▶ [WHAT IS NEEDED]
Return the data exactly, with all pictures removed.

▶ [RECORDED INFORMATION]
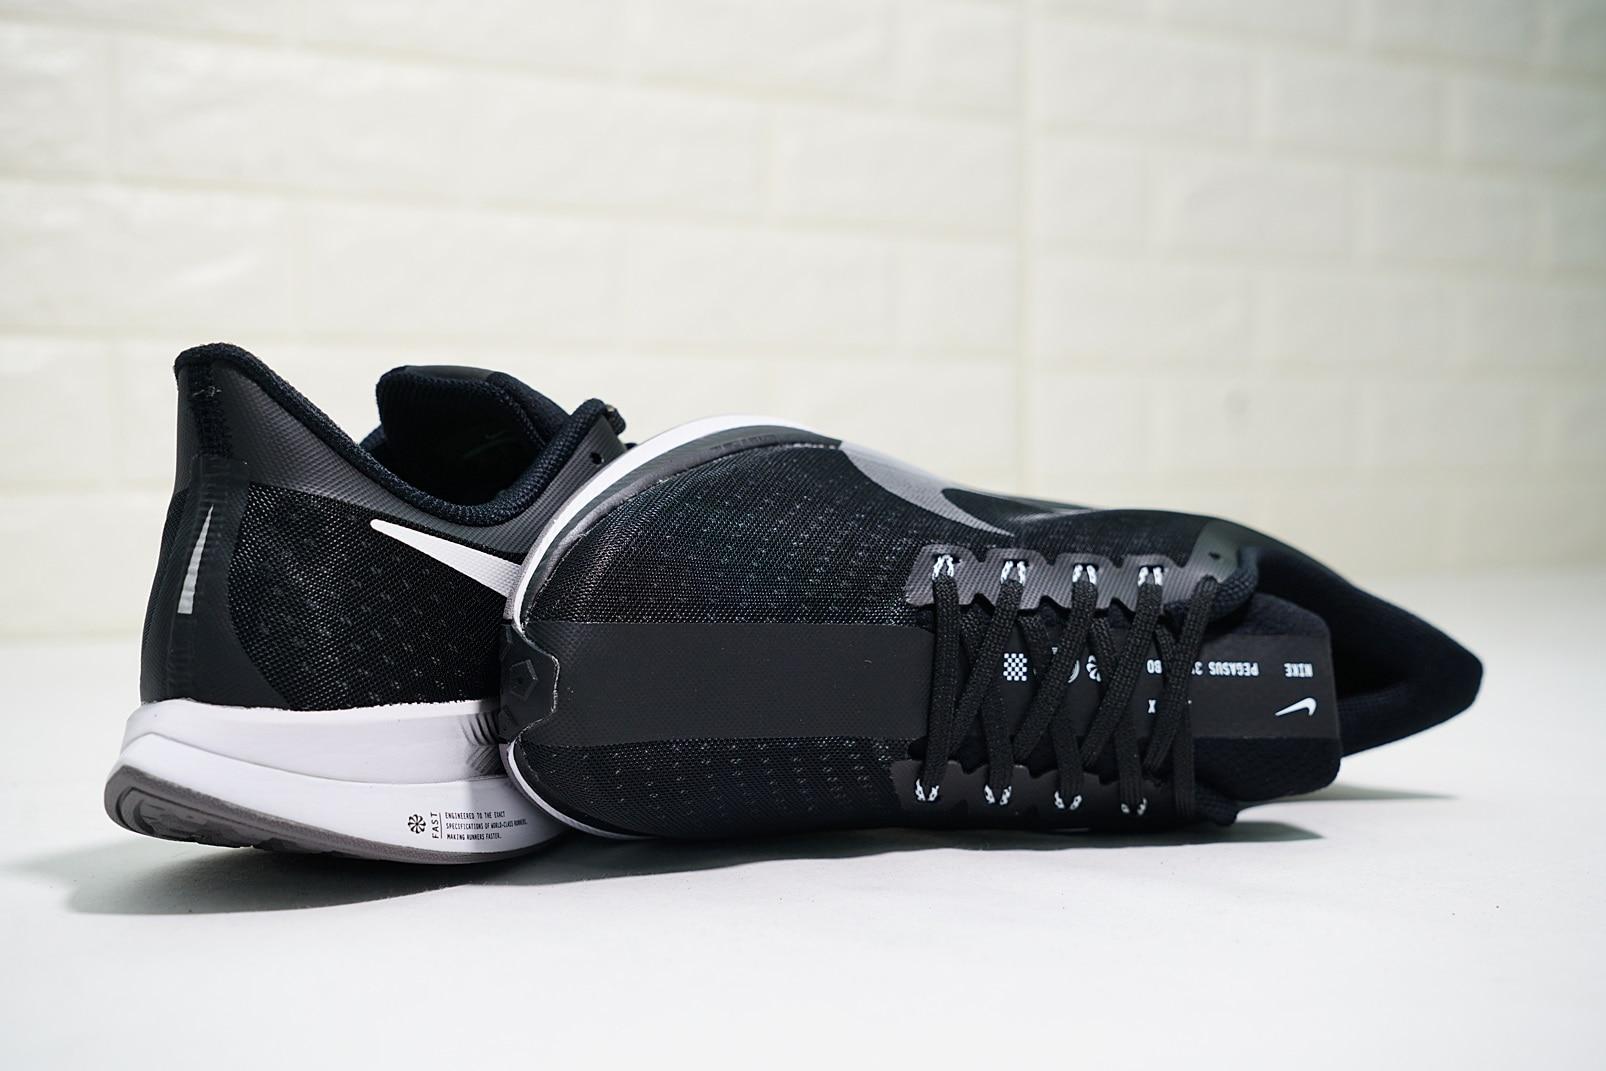 Zoom Pegasus Turbo 35 Men's Sports Shoes Outdoor Running Shoes Comfortable Original
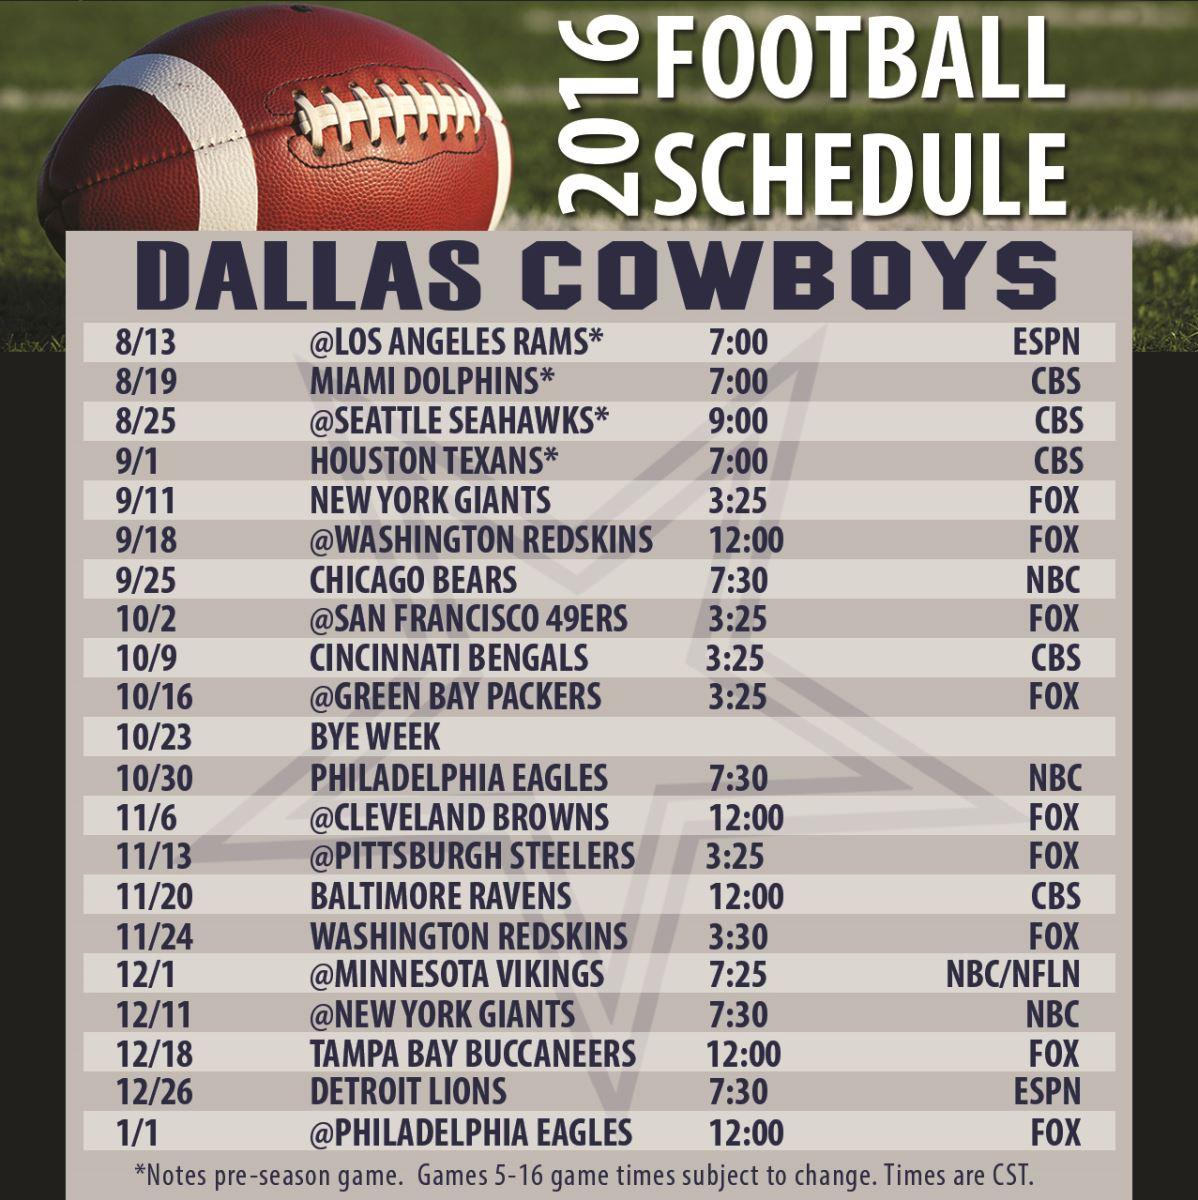 Cowboys Football Schedule For 2016 2017 Season
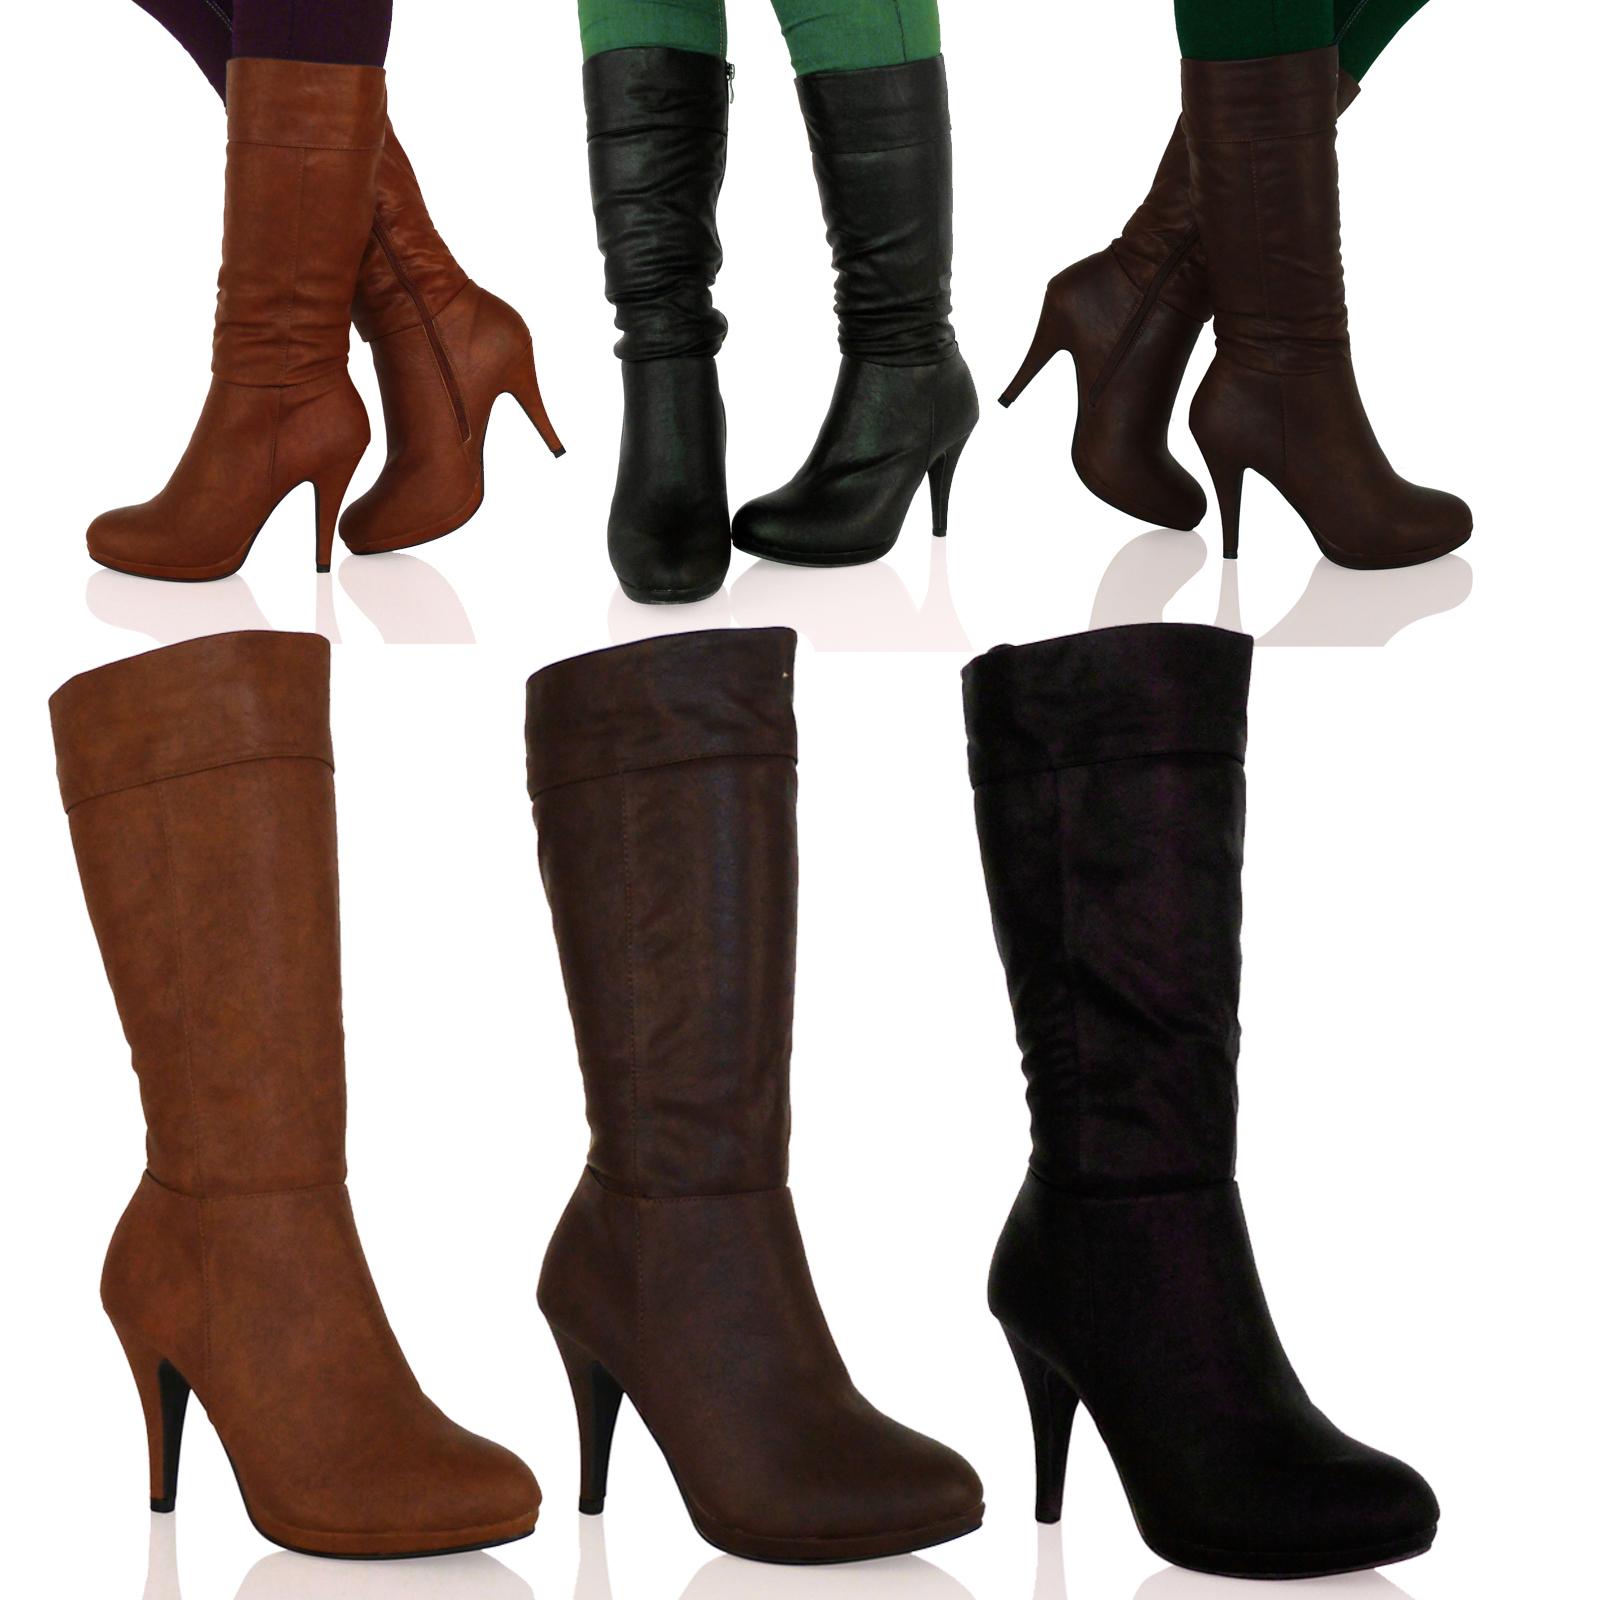 D8Z Womens Mid High Stiletto Heel Mid Calf Under Knee Boots ...
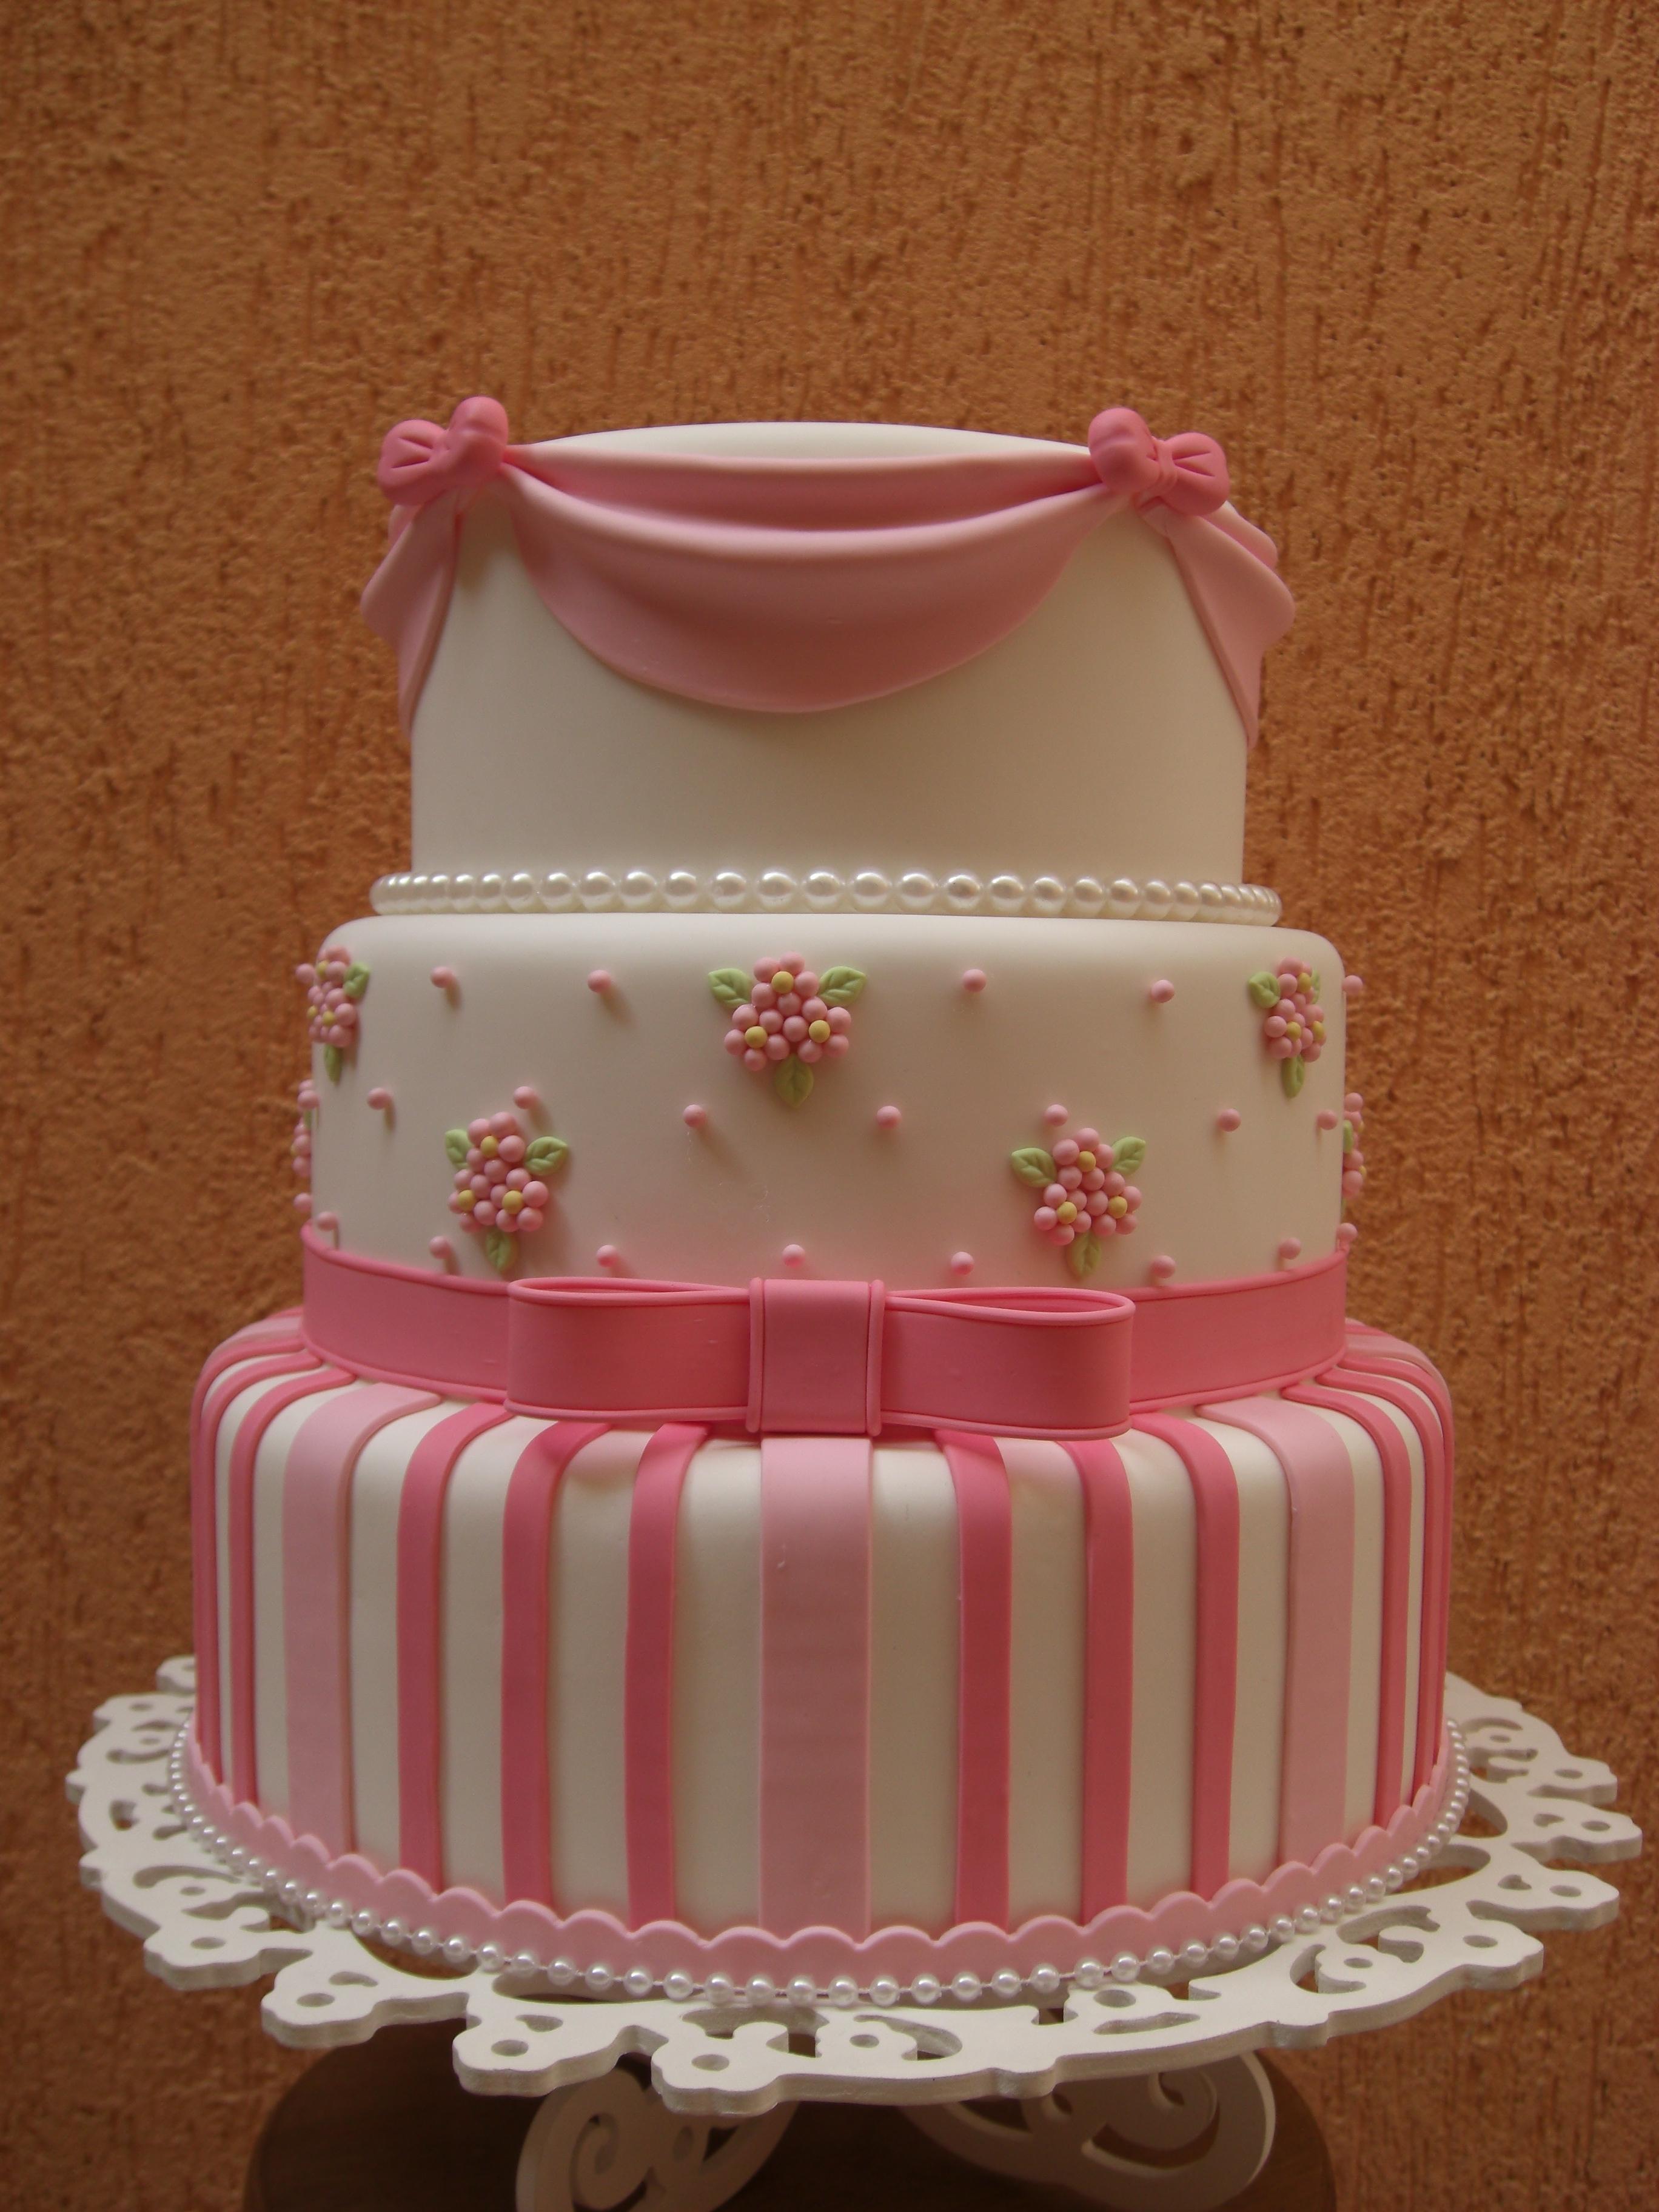 decoracao de bolo jardim encantado:Bolo cenográfico jardim encantado rosa

▶ [SOLUTION FOR THIS EXERCISE]
 Zoom Pegasus Turbo 35 Men's Sports Shoes Outdoor Running Shoes Comfortable Original
 Cowboys Football Schedule For 2016 2017 Season
 D8Z Womens Mid High Stiletto Heel Mid Calf Under Knee Boots ...
 decoracao de bolo jardim encantado:Bolo cenográfico jardim encantado rosa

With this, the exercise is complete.